Pulse wave imaging (PWI) is a non-invasive, ultrasound-based technique for visualizing and tracking the propagation of pulse waves along the arterial wall at high spatial and temporal resolutions. PWI has been validated in silico using simulations (Shahmirzadi and Konofagou 2012), in vitro using phantoms (Shahmirzadi et al., 2013, Vappou et al., 2010), ex vivo with canine aorta (Shahmirzadi et al. 2013), in vivo with mice (Fujikura et al., 2007, Luo et al., 2009, Pernot et al., 2007) and clinically in humans (Li et al., 2013, Luo et al., 2012). The high resolution of PWI means that it can provide localized maps of PWV, thereby allowing for the identification of subtle changes in the pulse wave propagation patterns, as well as regional variations in vessel wall stiffness. This capability could allow PWI to identify emerging abnormalities in the vessel that act as precursors to aneurysm formation and are not visible or easily detectable with standard imaging modalities such as ultrasound B-modes.
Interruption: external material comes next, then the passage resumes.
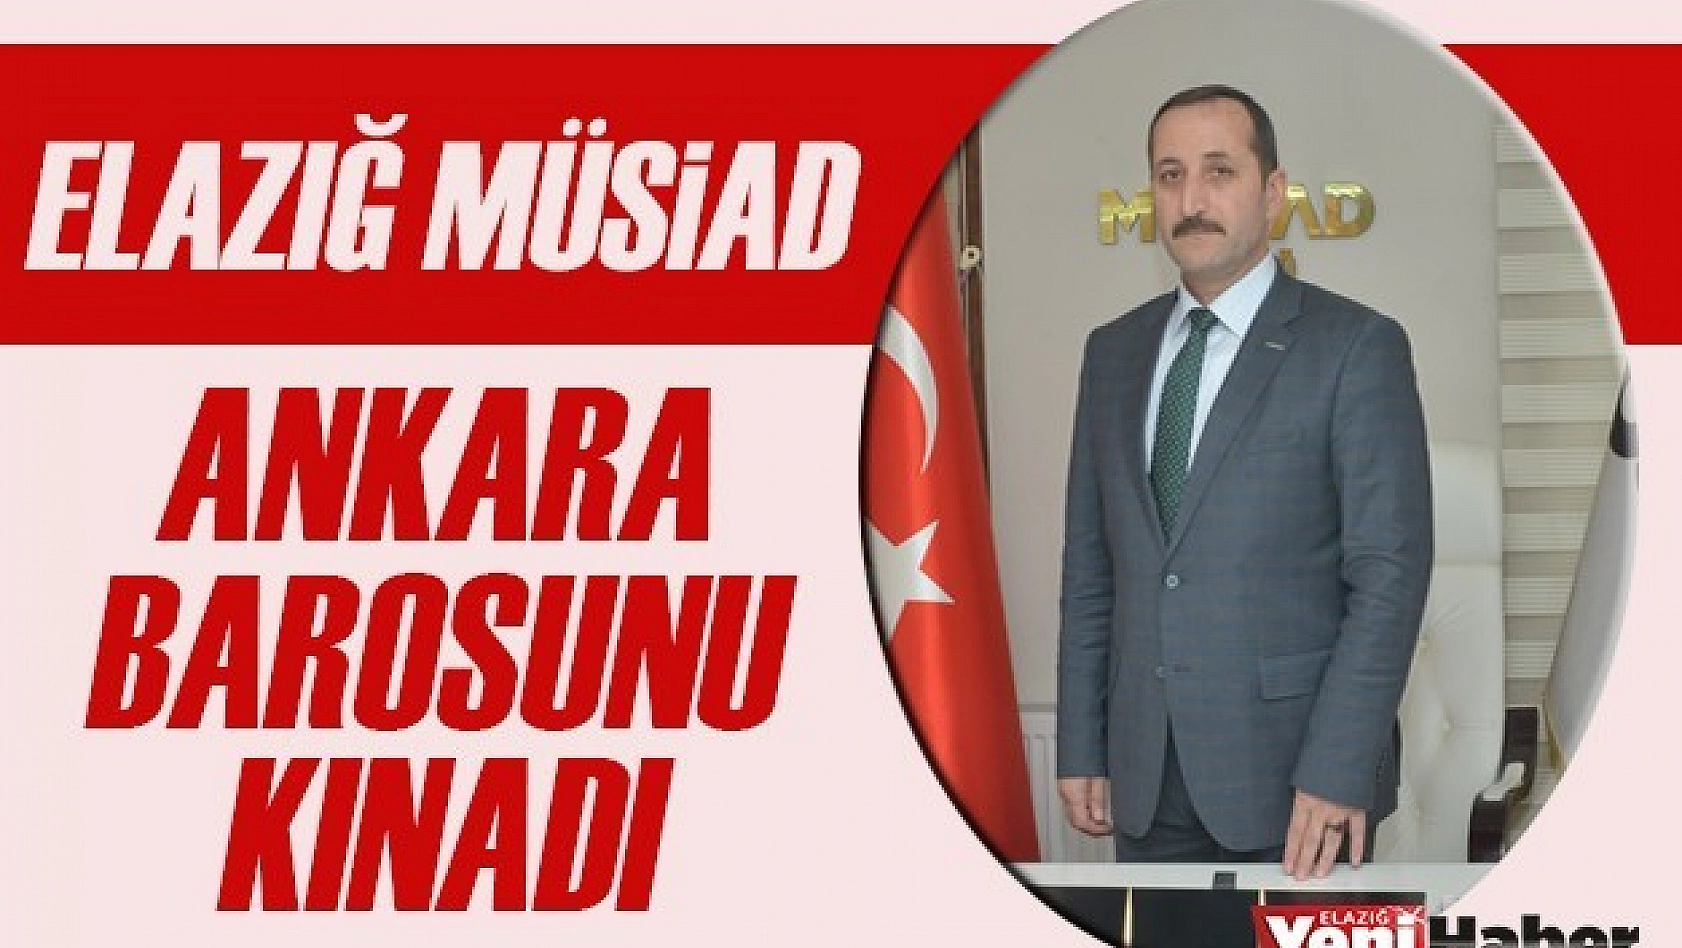 Elazığ Müsiad, Ankara Barosunu Kınadı

The objective of this study was to investigate the feasibility of using PWI to monitor and stage the progression of AAAs in vivo. To this end, a murine model of gradual AAA development based on the infusion of angiotensin II in ApoE/TIMP-1 knockout mice was used in this study (Lemaître, 2002, Luo et al., 2009, Manning et al., 2002). Although PWI can be applied in humans, using a murine model enables disease progression to be monitored over its entire duration at many closely spaced time points. Additional advantages of murine aneurysms for the purposes of this study are that they can be instigated in a controlled fashion, require significantly less time to develop (several weeks in mice compared with years in humans) and can be imaged at higher resolutions (because the required imaging depth is smaller in mice, there is less attenuation, and hence higher frequencies and frame rates can be used). In the murine angiotensin II AAA model, three distinct phases of disease progression can be observed: first, the appearance of a fissure in the aortic wall; second, the development of the aneurysm with a sac and possibly an intraluminal thrombus (Thubrikar et al., 2003, Wilson et al., 2013), usually in the anterior wall near the superior mesenteric or coeliac arteries (Lemaître, 2002, Manning et al., 2002); and third, the rupture of the aneurysm. In the existing literature (De Prophetis et al., 1959, Klevay, 2000), aneurysms are typically defined as a localized increase of ≥50% in the inner diameter of the vessel, whereas the terms fissure and rupture refer to an opening in the vessel wall in a region that eventually develops an aneurysm (fissure) or previously contained an aneurysm (rupture). Previous work by Luo et al. (2009) indicated the feasibility of using PWI to distinguish normal aortas from aneurysmal aortas qualitatively in the murine AAA model, but did not examine the progression of the disease between the administration of angiotensin II and the appearance of aneurysms. Hence, this study assessed the capability of PWI to distinguish between all four possible stages of the murine aorta throughout AAA disease progression: normal, fissured, aneurysmal and ruptured.